Data section:
########

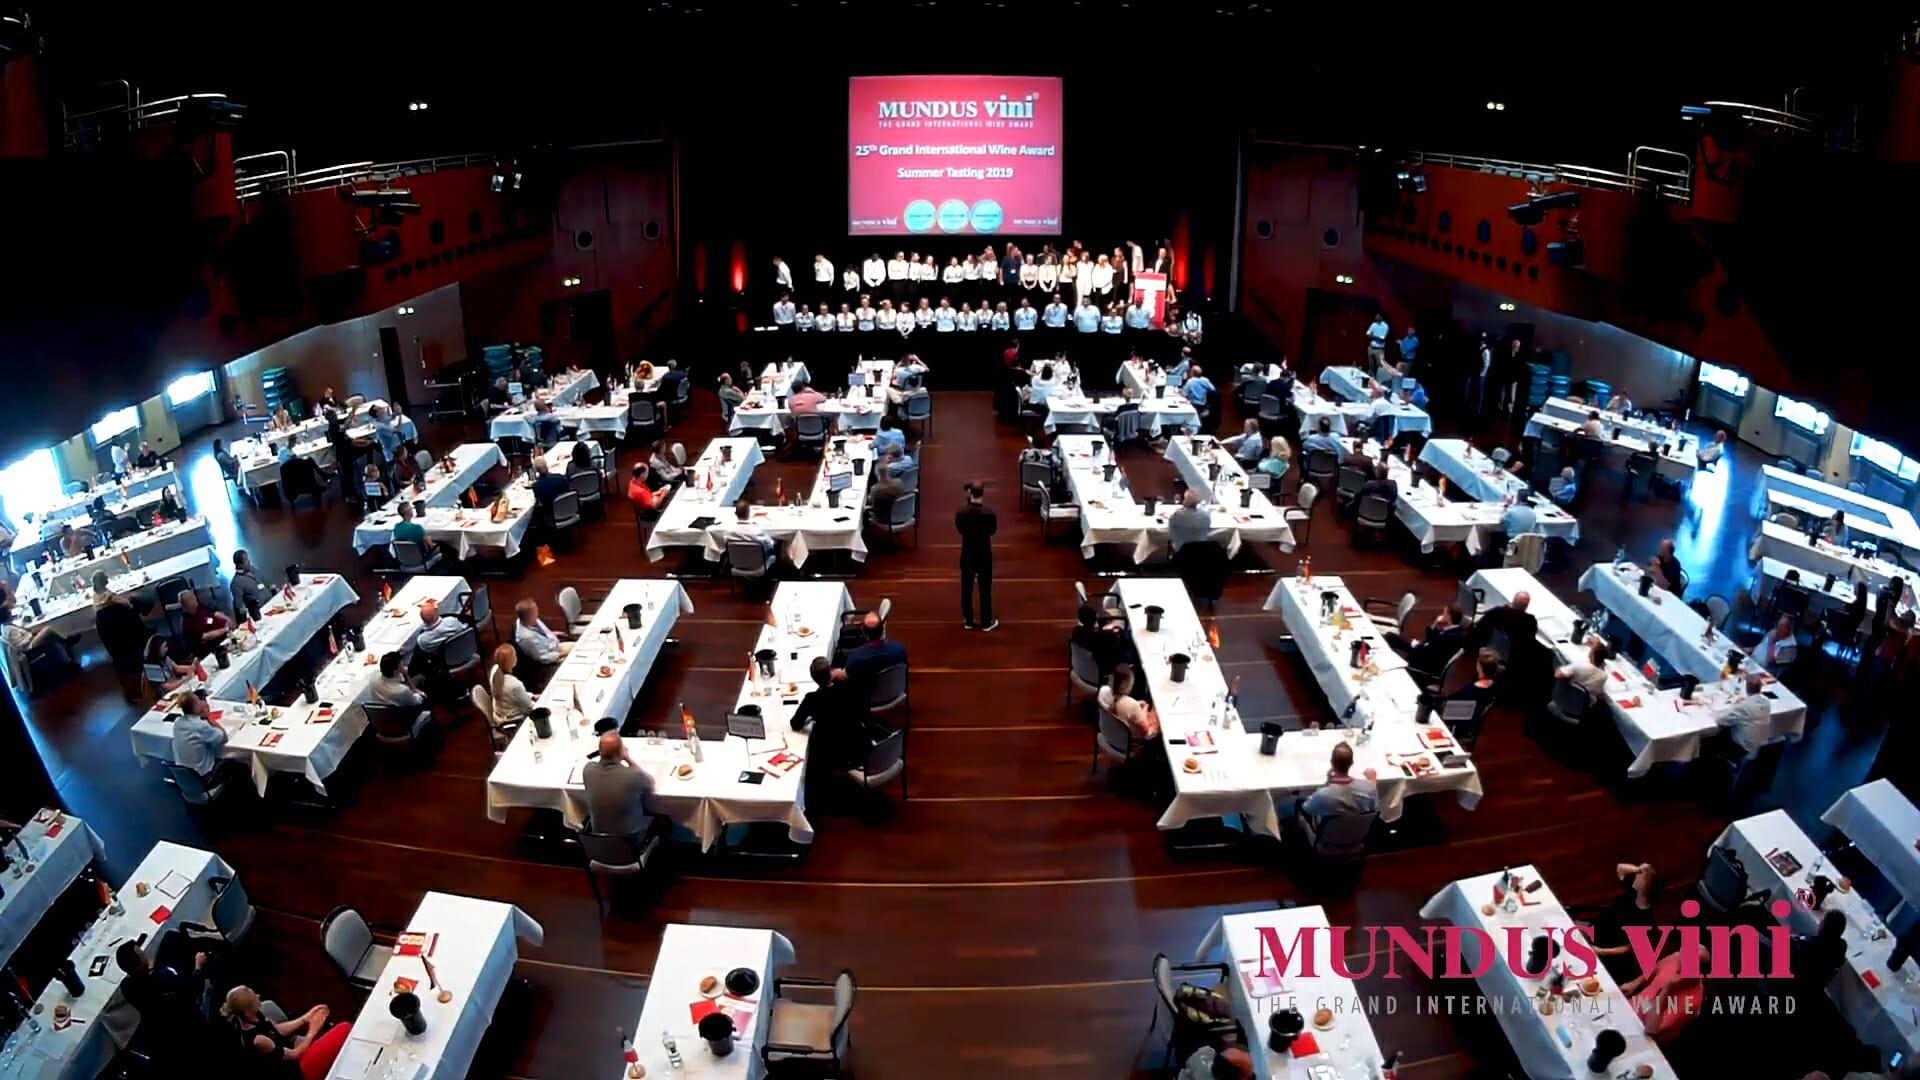 sala do concurso Mundus Vini Summer 2019
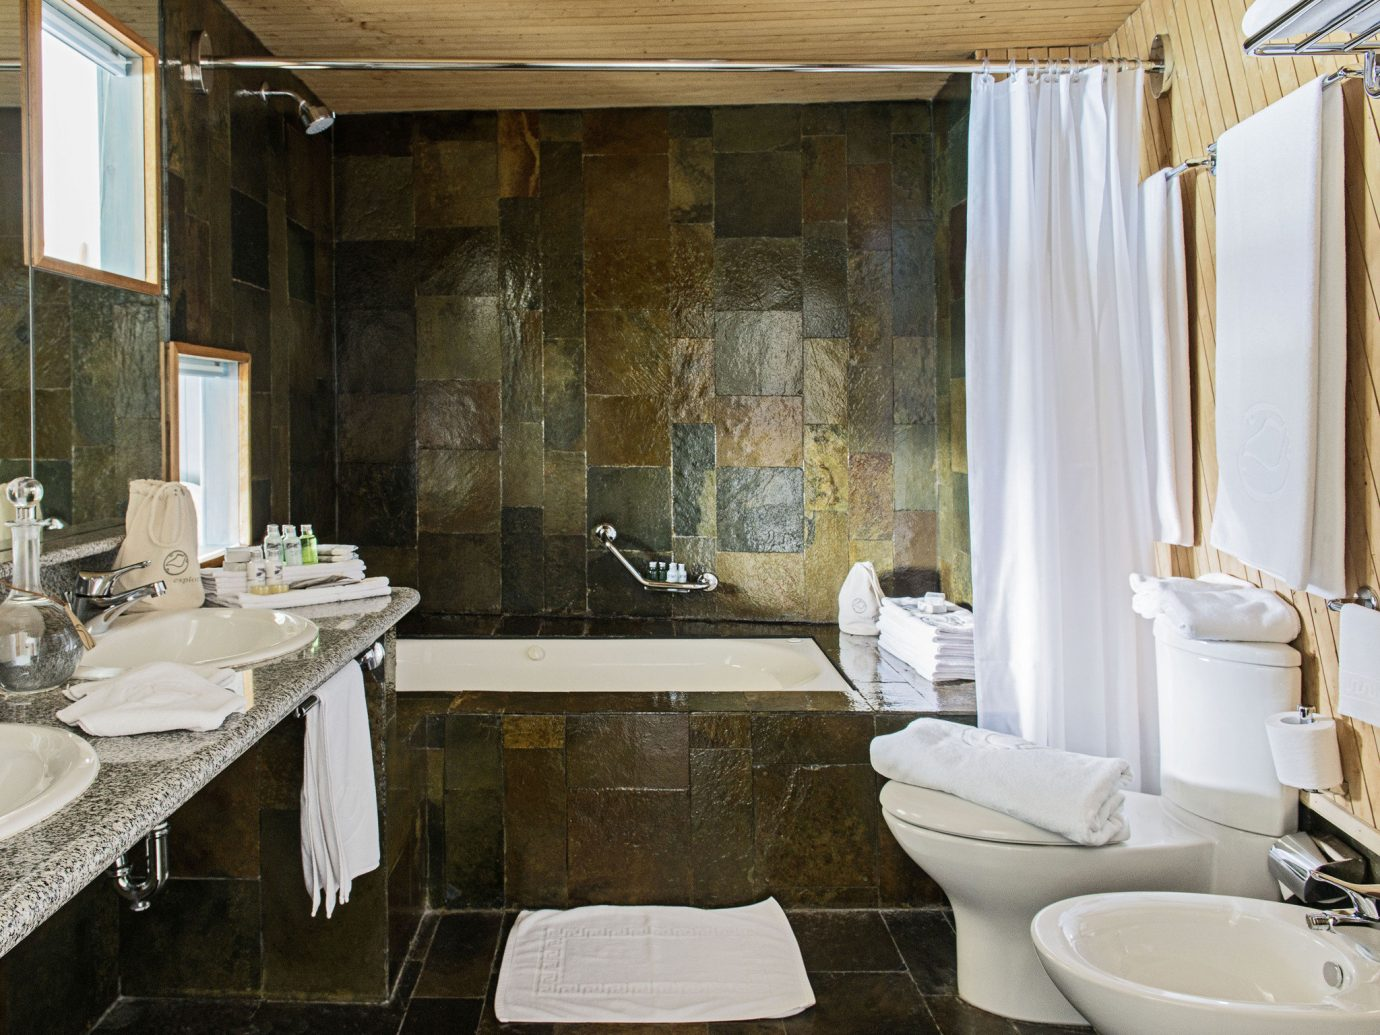 All-Inclusive Resorts Hotels Luxury Travel indoor bathroom sink room window property estate interior design home floor Suite counter Design toilet tub bathtub Bath tiled
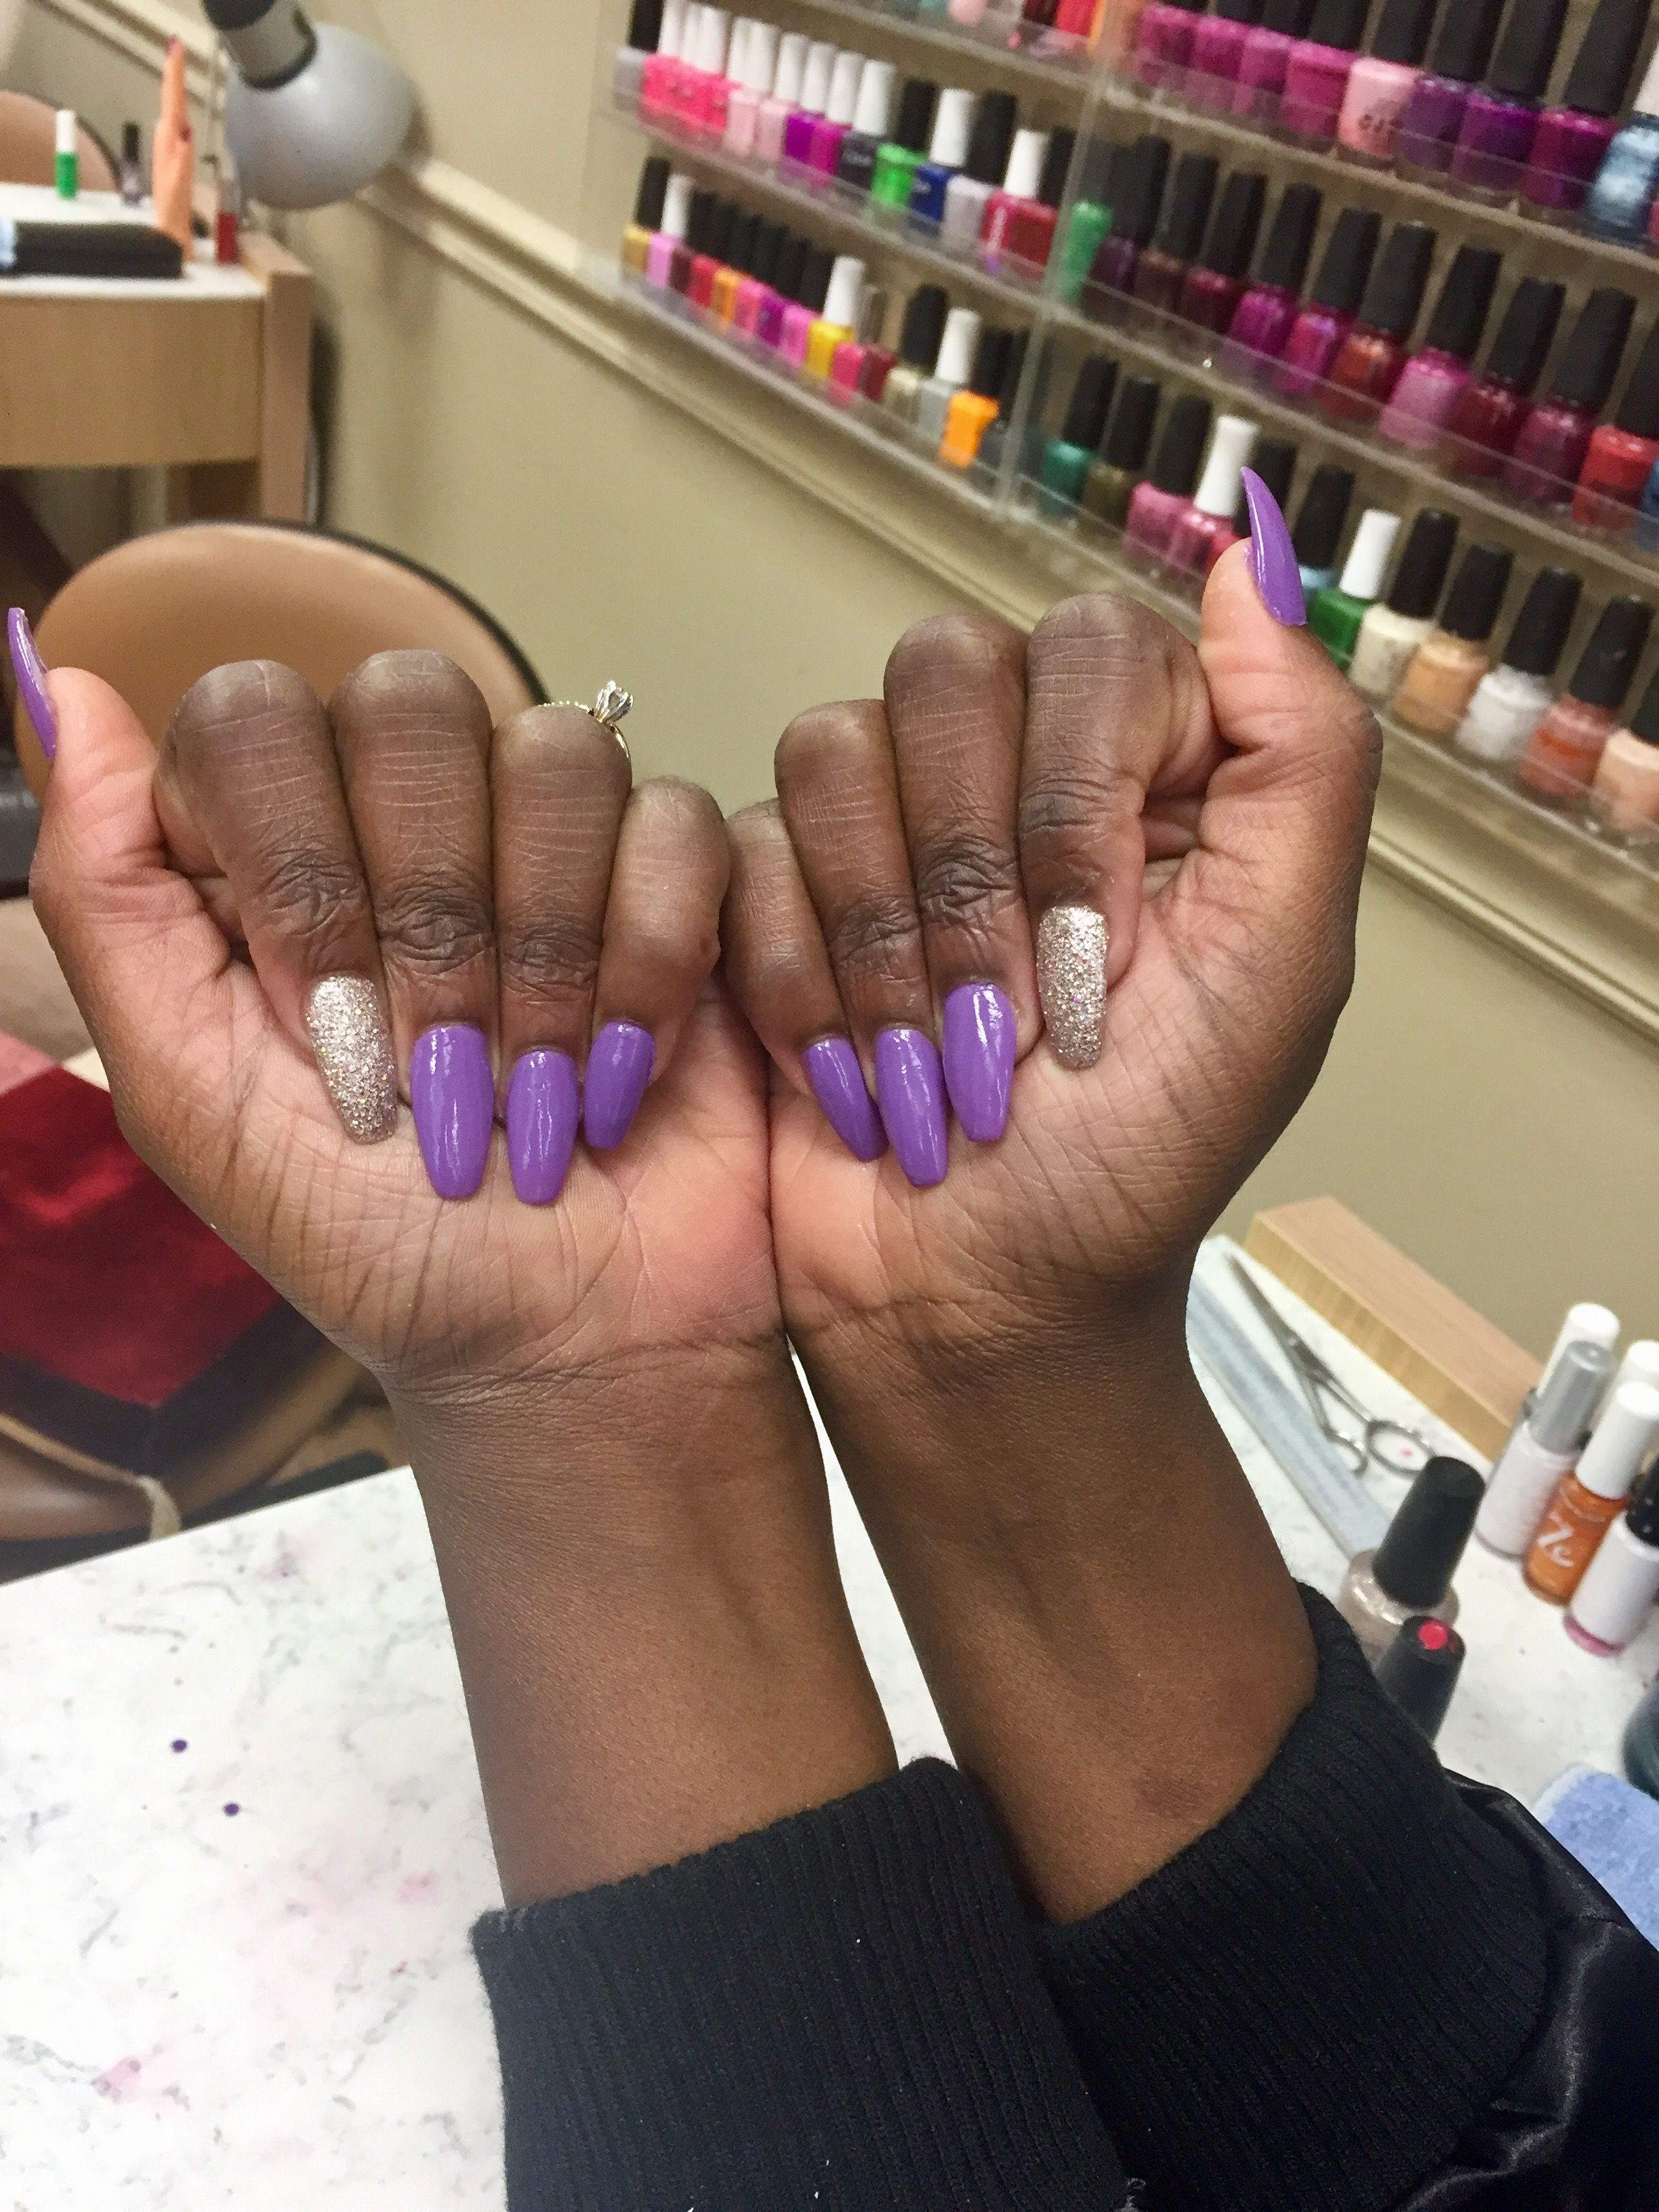 Purple Coffin Nails Sparkle Nails Medium Length Nails Acrylic Nails Sparkle Nails Acrylic Nails Coffin Short Acrylic Nails Yellow
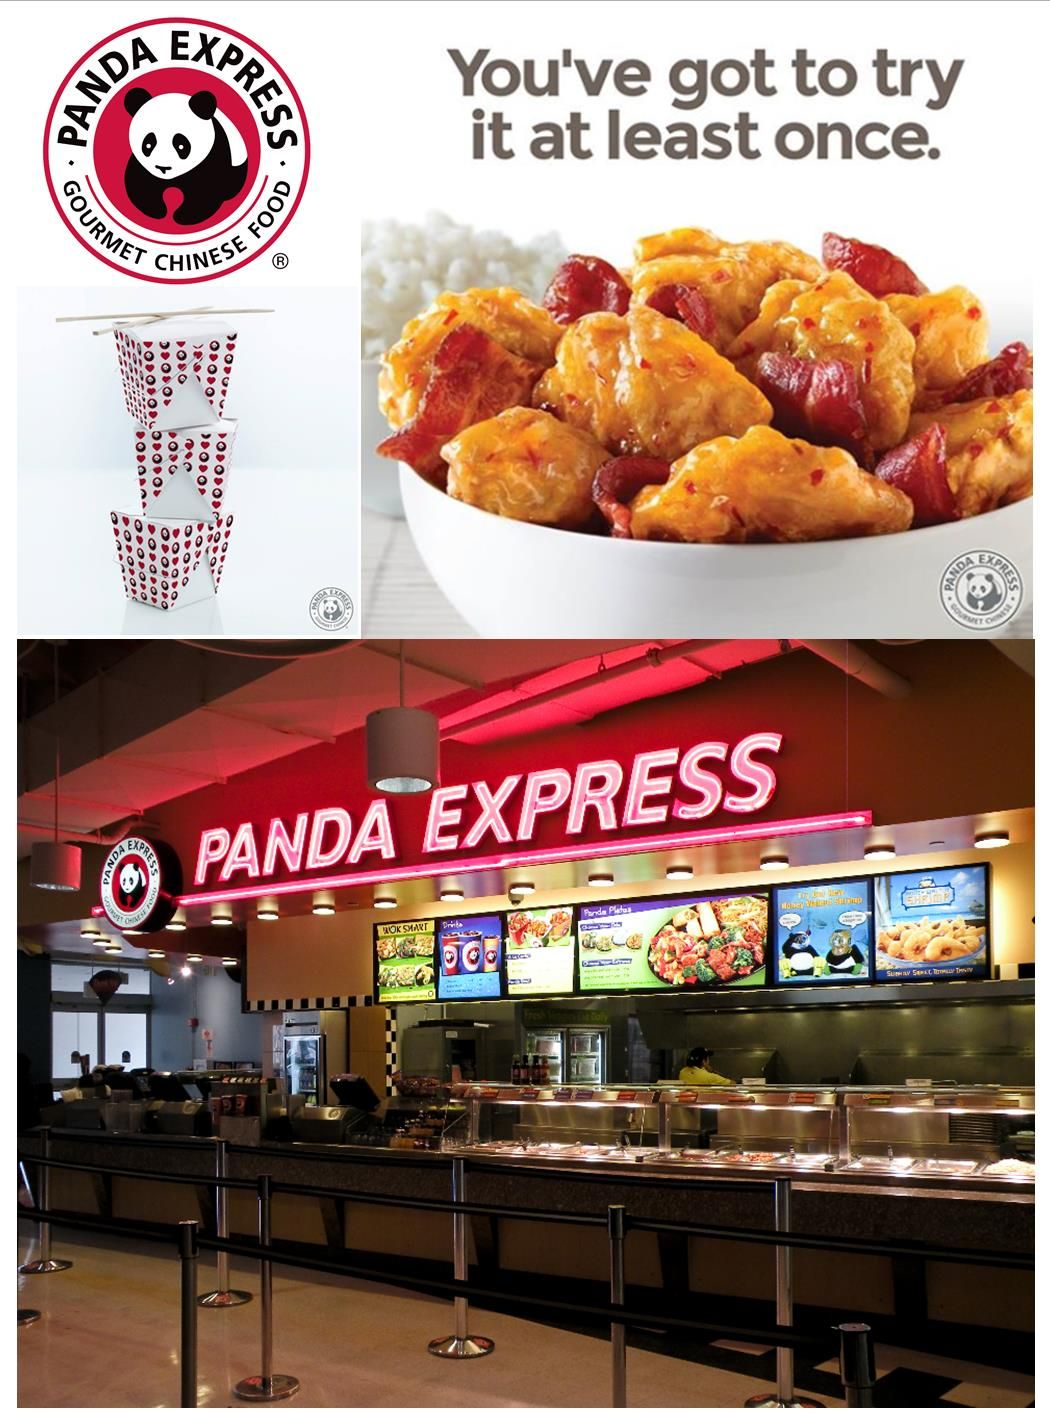 is panda express a franchise

########

Exercise:
What belongs in the answer is each line above, reproduced exactly, and no picture.

Solution below:
 sala do concurso Mundus Vini Summer 2019
 All-Inclusive Resorts Hotels Luxury Travel indoor bathroom sink room window property estate interior design home floor Suite counter Design toilet tub bathtub Bath tiled
 Purple Coffin Nails Sparkle Nails Medium Length Nails Acrylic Nails Sparkle Nails Acrylic Nails Coffin Short Acrylic Nails Yellow
 is panda express a franchise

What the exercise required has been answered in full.